2. Poor business models. While losing revenue is problematic, it is most often because the original or existing business model is no longer viable. Business planning (and measuring) is essential to ensure that opportunity and competitiveness are optimized. A business model must also be executed properly for the entity to realize revenue.
3. Management/operational issues. Entrepreneurs by nature may not possess (or employ) the proper balance between ownership and management skills. If internal management is insufficient, the effects are usually strongly reflected on the bottom line.
4. Lack of capital. All businesses must have sufficient working capital. A business should strive to maintain a balance sheet that can support three to six months of payroll and operational expenses, to maintain a cushion for unforeseen loss or crisis.
5. Credit/debt issues. Many businesses have relied on access to easy credit in the form of lines of credit, credit cards, loans and home equity lines of credit to finance their businesses. Small businesses are now struggling as a result of tighter lending, high-rate credit cards, reduced lines and maturing loans, leaving many heavily burdened with mounting and high-cost debt. (I will discuss some alternatives to provide relief and substantially reduce debt exposure in the second part of this article.)

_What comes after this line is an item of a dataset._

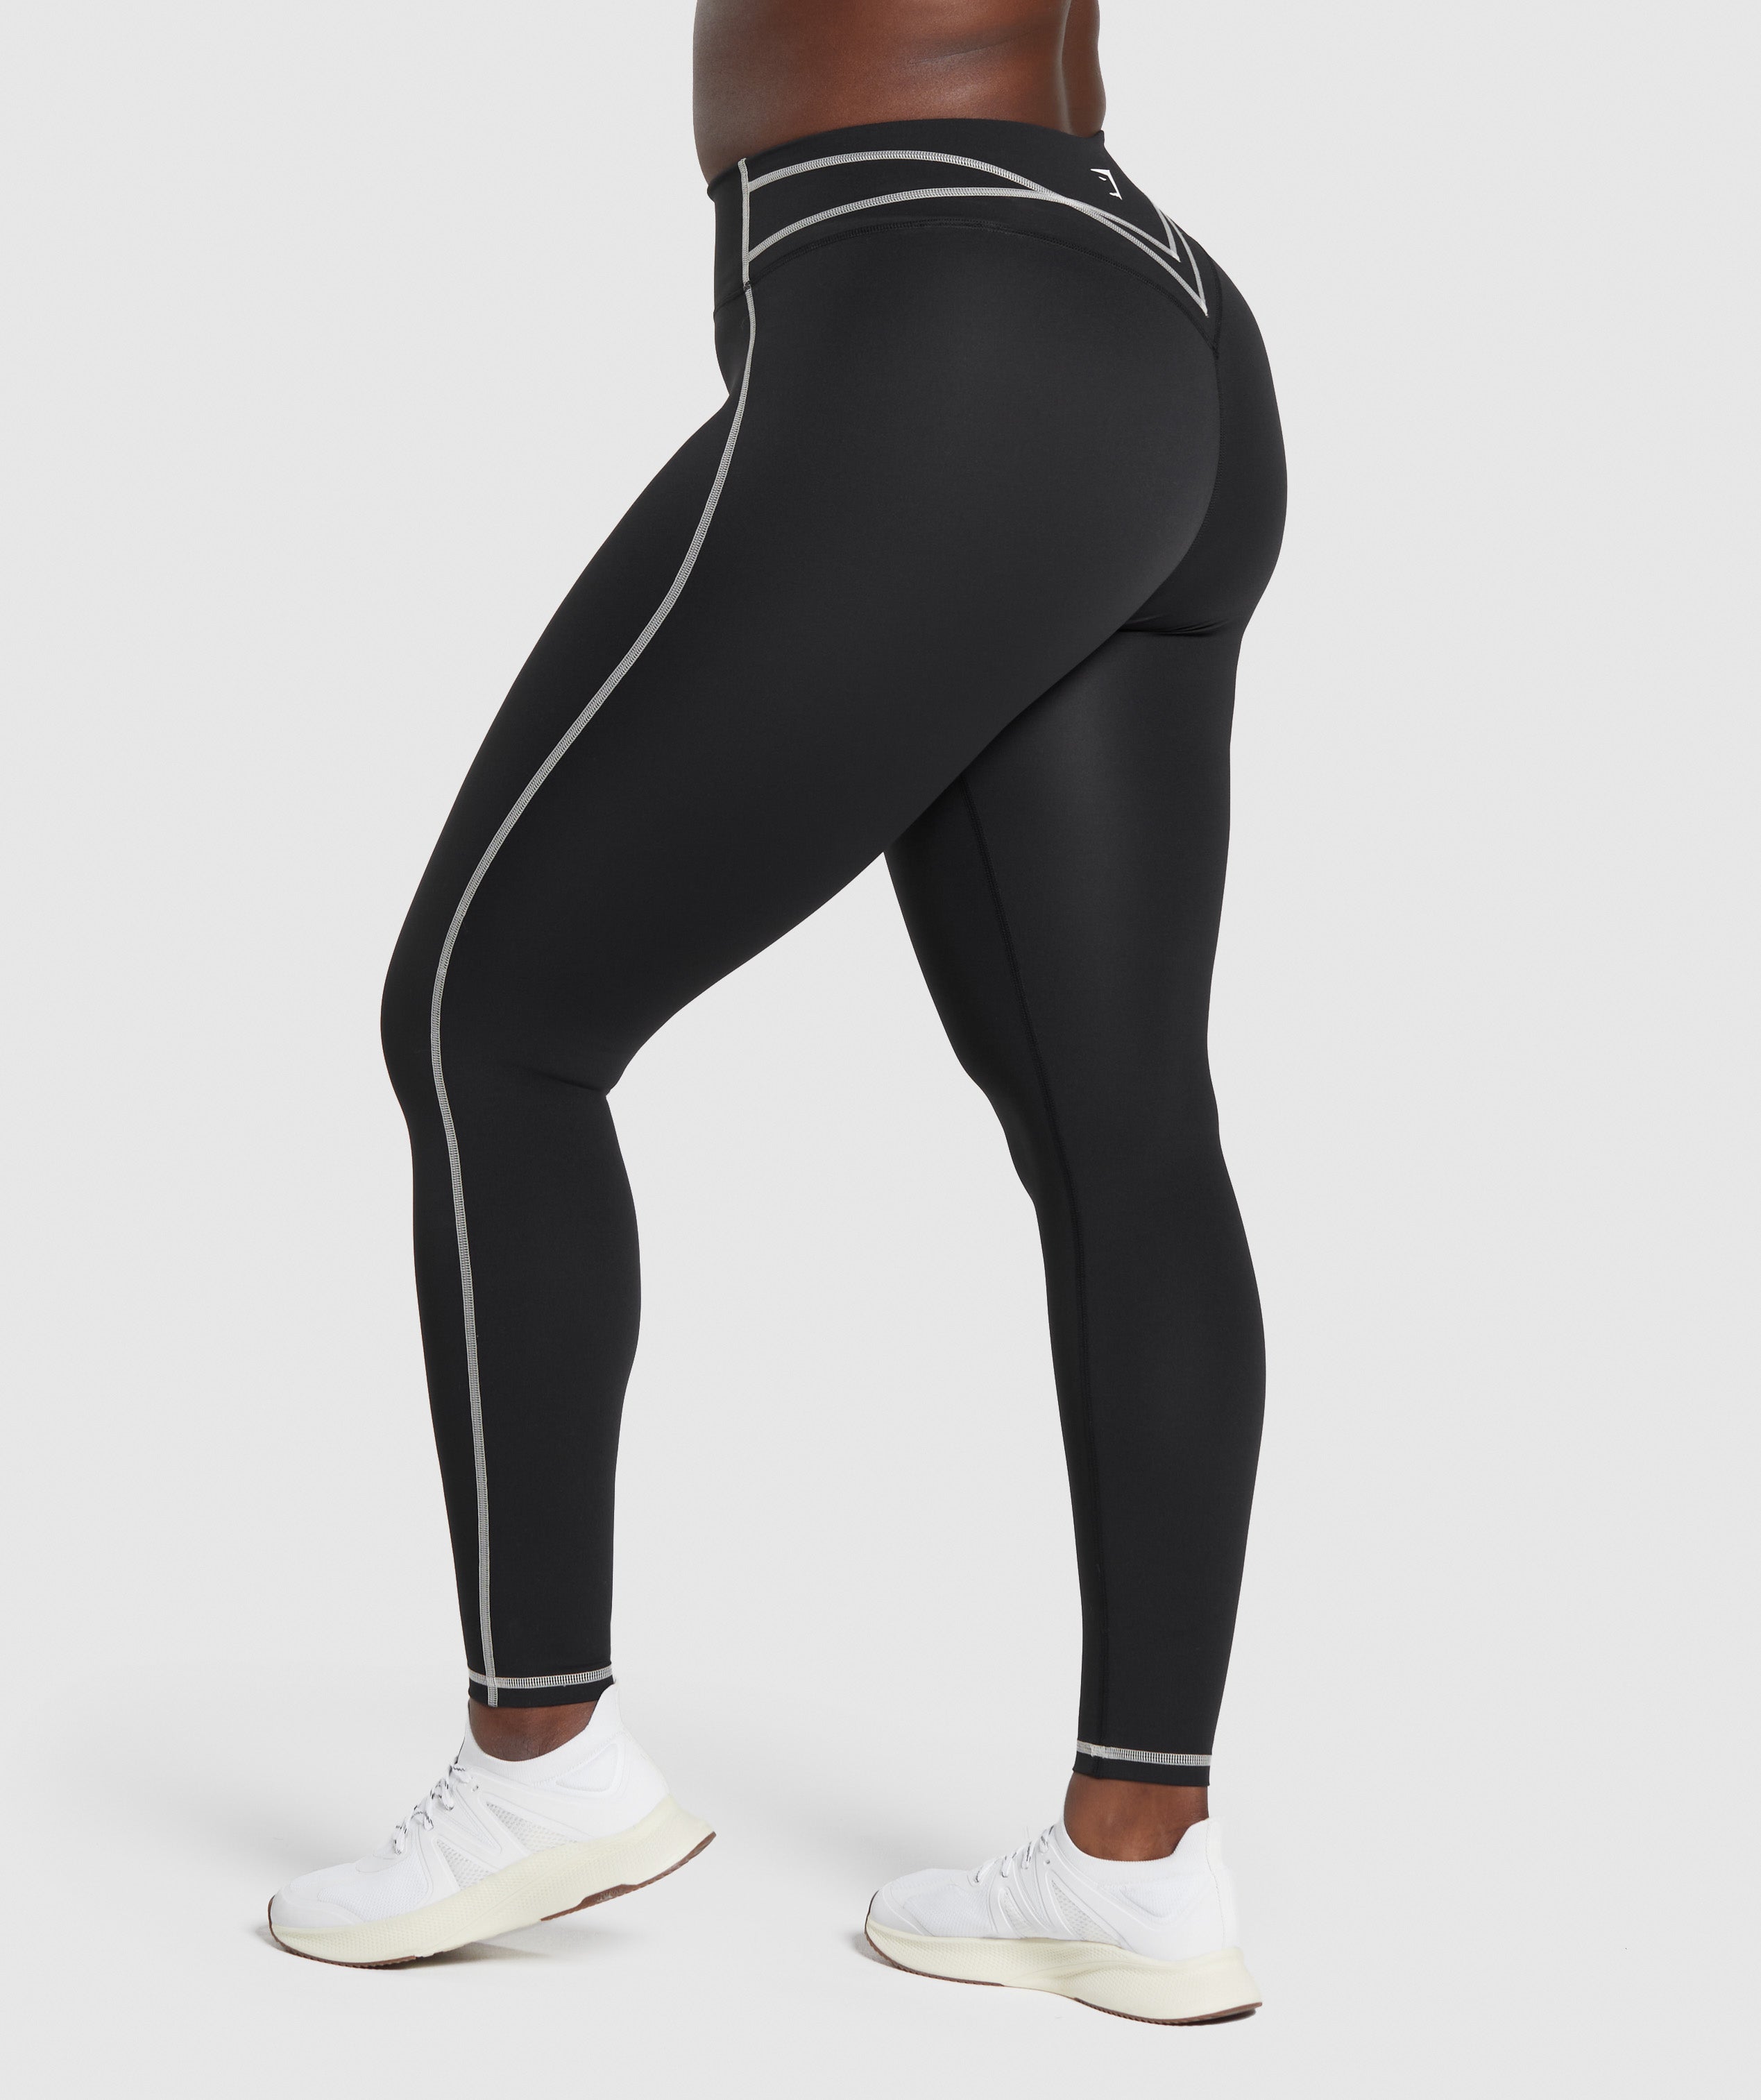 Camo 3 Stripe Fitness Leggings  Unique leggings, Squat proof leggings, Gym  wear

Any of these elements can wreak havoc on a business. Most would agree that the loss of revenue can damage a business the most. In addressing the loss of revenue, businesses and trusted advisors can begin by examining key factors such as operating expenses, receivables, pricing, service or product offering, and inventory to assess areas where cash flow can be improved.
Craig Szabo, CPA, of Szabo Accountancy in Calabasas, Calif., notes that, in his experience, loss of revenue is the key reason that businesses fail: "We have seen many more business failures, and everyone seems affected by the economy. We all used to have a cushion (savings, available credit lines and home equity); now, with credit so impacted, clients don't have the resources to salvage a business if it is distressed."